«Terremoto: non posso più tornare a casa!». Una delle poche consolanti certezze della vita viene minata dal terremoto, paradigma temibile dei cataclismi naturali, ancor più se le scosse continuano a ripetersi a distanza di giorni, settimane o mesi. Facendo dell’eccezione una regola dolorosa e insidiosa, come sta succedendo nelle amate regioni dell’Umbria e delle Marche. L’impossibilità, all’inizio temporanea, rischia di diventare definitiva, dominando non solo il presente ma anche il futuro.
Con quali conseguenze di dolore, di insicurezza, di stress, di sofferenza psicologica e cerebrale a lungo termine? L’impossibilità di rientrare a casa, per un evento naturale traumatico e incontrollabile, come un terremoto o un’inondazione, mina il bisogno primario di ogni essere umano: il bisogno insieme di un amore che abbia solide radici, la famiglia in primis (bisogno di “attaccamento affettivo”), e di un luogo – la casa, la terra – a cui appartenere. Una certezza emotiva che cresce nutrita dall’affetto di parenti e amici e ritrova nella casa il luogo principe della vita della famiglia: “dove abita il cuore”, dove affondano e si attaccano le nostre radici.
Le conseguenze dello sradicamento violento causato dal terremoto sono diverse, complesse e gravi. Dal punto di vista fisico, la scossa scatena una violentissima scarica di adrenalina, che attiva in un secondo il sistema di allarme per la sopravvivenza: cuore a mille, respiro accelerato, allerta dei muscoli, vasocostrizione periferica. Il corpo si prepara alla fuga. Se la scarica di adrenalina è violenta al punto da causare panico e angoscia fino a un vero terrore, il corpo può venire congelato nell’immobilità, “pietrificato”, al punto da non riuscire a muoversi. Tutto il cervello registra in un secondo l’evento traumatico, l’esperienza di angoscia e terrore: non la dimenticherà più, perché siamo programmati per ricordare gli eventi pericolosi, se riusciamo a elaborare strategie che ci consentano di sopravvivere, nel caso poi si ripetano. Si parla allora di “spirito di sopravvivenza”, come dicono gli italiani, o di “survival skill”, capacità/abilità di sopravvivenza, come dicono gli anglosassoni, con interessante differenza linguistica e di significato.
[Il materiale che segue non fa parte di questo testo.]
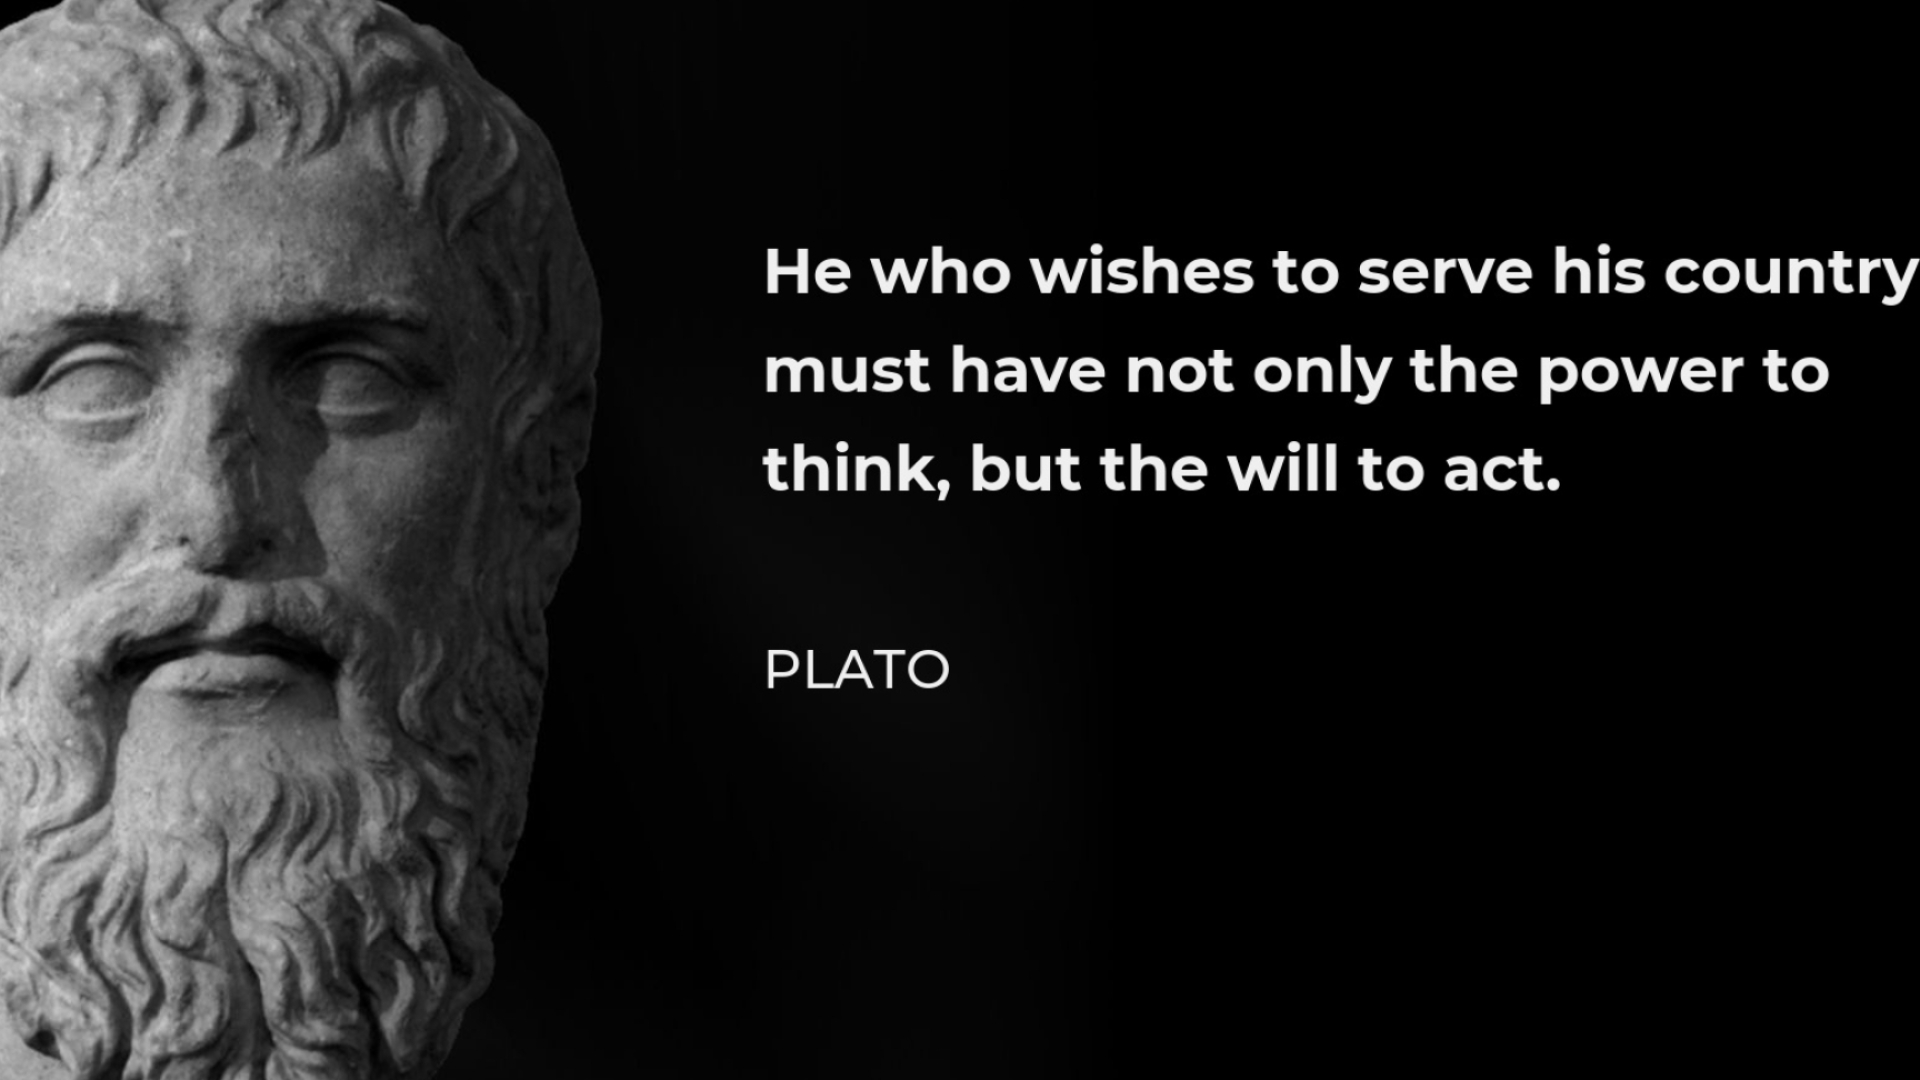 Plato, Quote, Serve his country, Act, 1920x1080 Full HD Desktop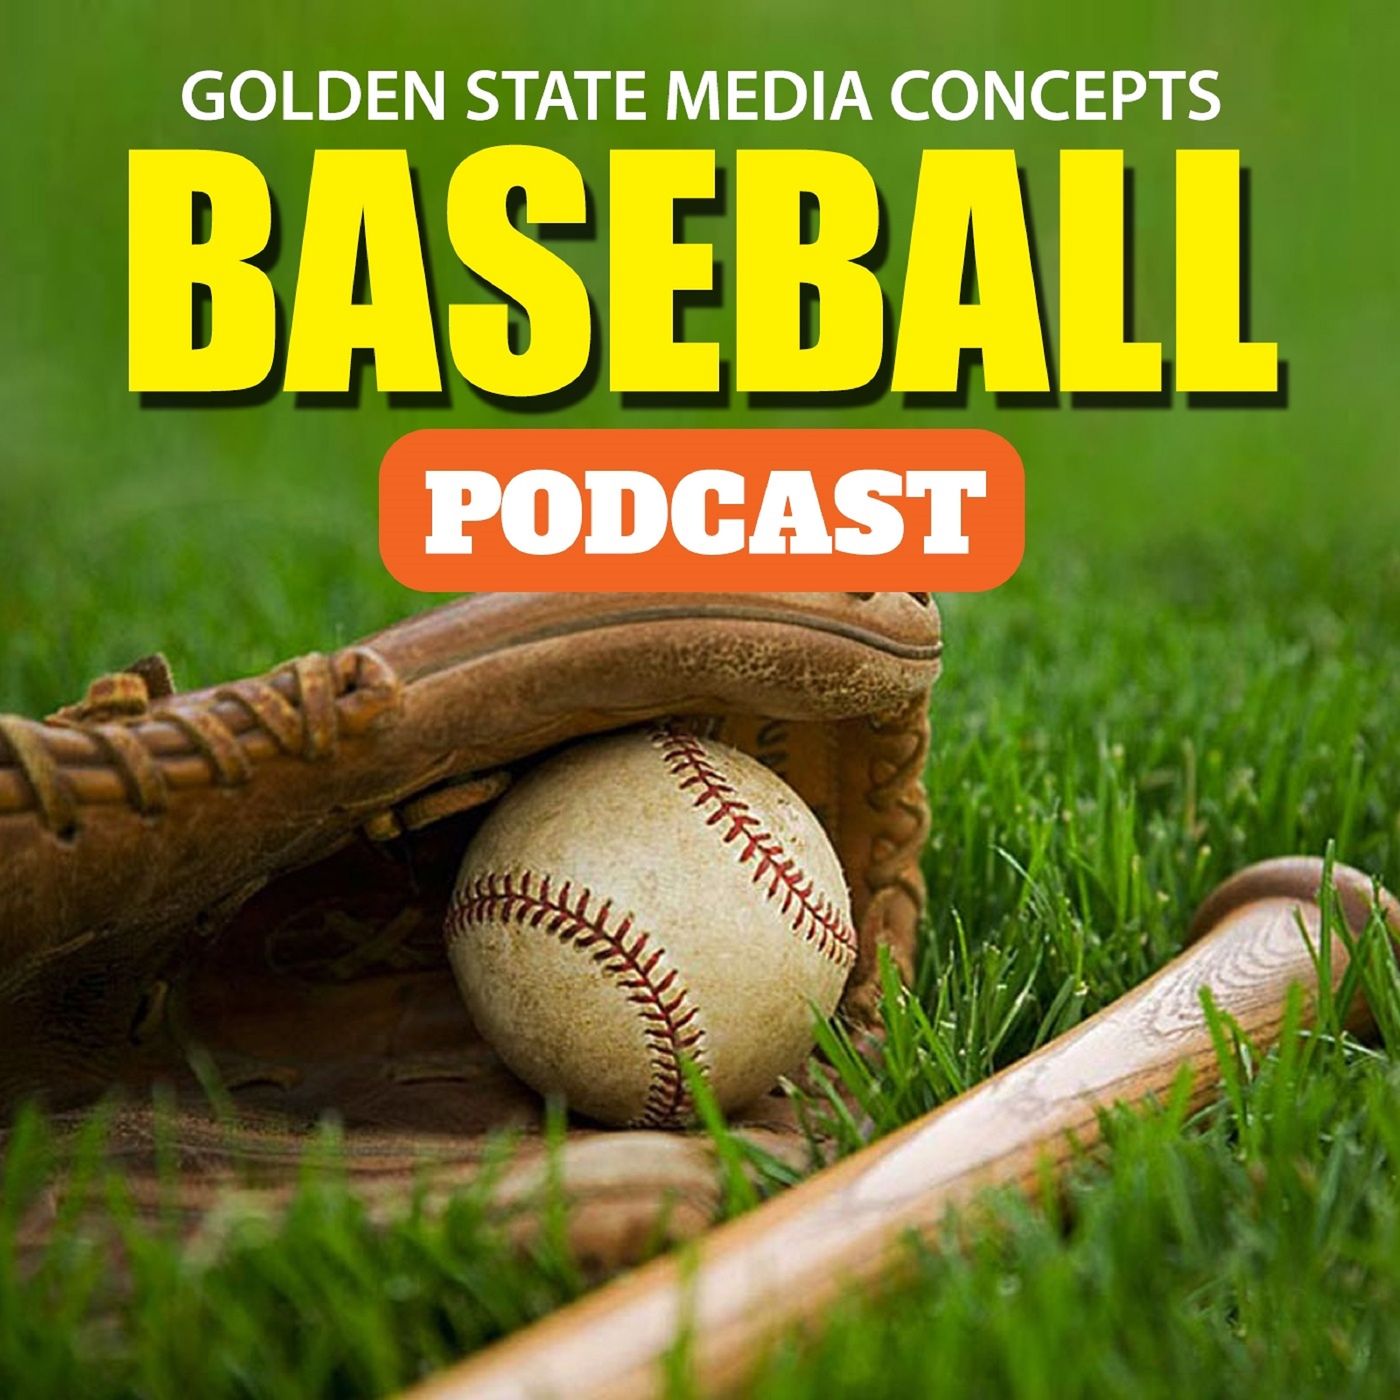 Recap of the Baseball games from yesterday, Guardians in first place? | GSMC Baseball Podcast

La registrazione cerebrale dell’evento traumatico ha due percorsi principali, con tutti i gradi intermedi: adattativo, quando serve a migliorare le capacità fisiche e mentali con cui affrontare quello e altri traumi; e maladattativo, quando genera uno stato di stress, di sofferenza emotiva acuta che diventa poi permanente, noto come “sindrome post-traumatica da stress” (Post-Traumatic Stress Disorder, PTSD). Descritta in modo accurato nei soldati veterani americani, questa sindrome può colpire in modo significativo il 7,8-10% delle vittime di un terremoto, ancor più se ferite, se con parenti feriti o morti, e/o se costrette ad abbandonare le loro case. Si tratta di uno stato di allerta permanente, attivato da un’angoscia che non si attenua e non si risolve. I principali disturbi includono: un ricordo “intrusivo” dell’evento traumatico che inatteso torna alla coscienza, riattivando e ripetendo il ricordo con tutto il terremoto di adrenalina e di angoscia associati, come se lo si stesse rivivendo di fatto nella realtà (“flashback”); uno stato mentale intorpidito, con stordimento e confusione; la tendenza ad evitare tutto ciò che ricordi o sia riconducibile all’esperienza traumatica (anche indirettamente o solo simbolicamente); incubi, che possono far rivivere l’esperienza traumatica durante il sonno, in maniera molto vivida e con tutta l’attivazione adrenalinica di terrore come se il terremoto stesse realmente avvenendo in quel momento del sogno; un’allerta permanente (“iperattivazione psicofisiologica”), caratterizzata da insonnia, irritabilità, ansia, aggressività e tensione generalizzate. In alcuni casi, la persona colpita può cercare “sollievo” con abusi di alcol, droga, farmaci e/o psicofarmaci, di fatto peggiorando la situazione.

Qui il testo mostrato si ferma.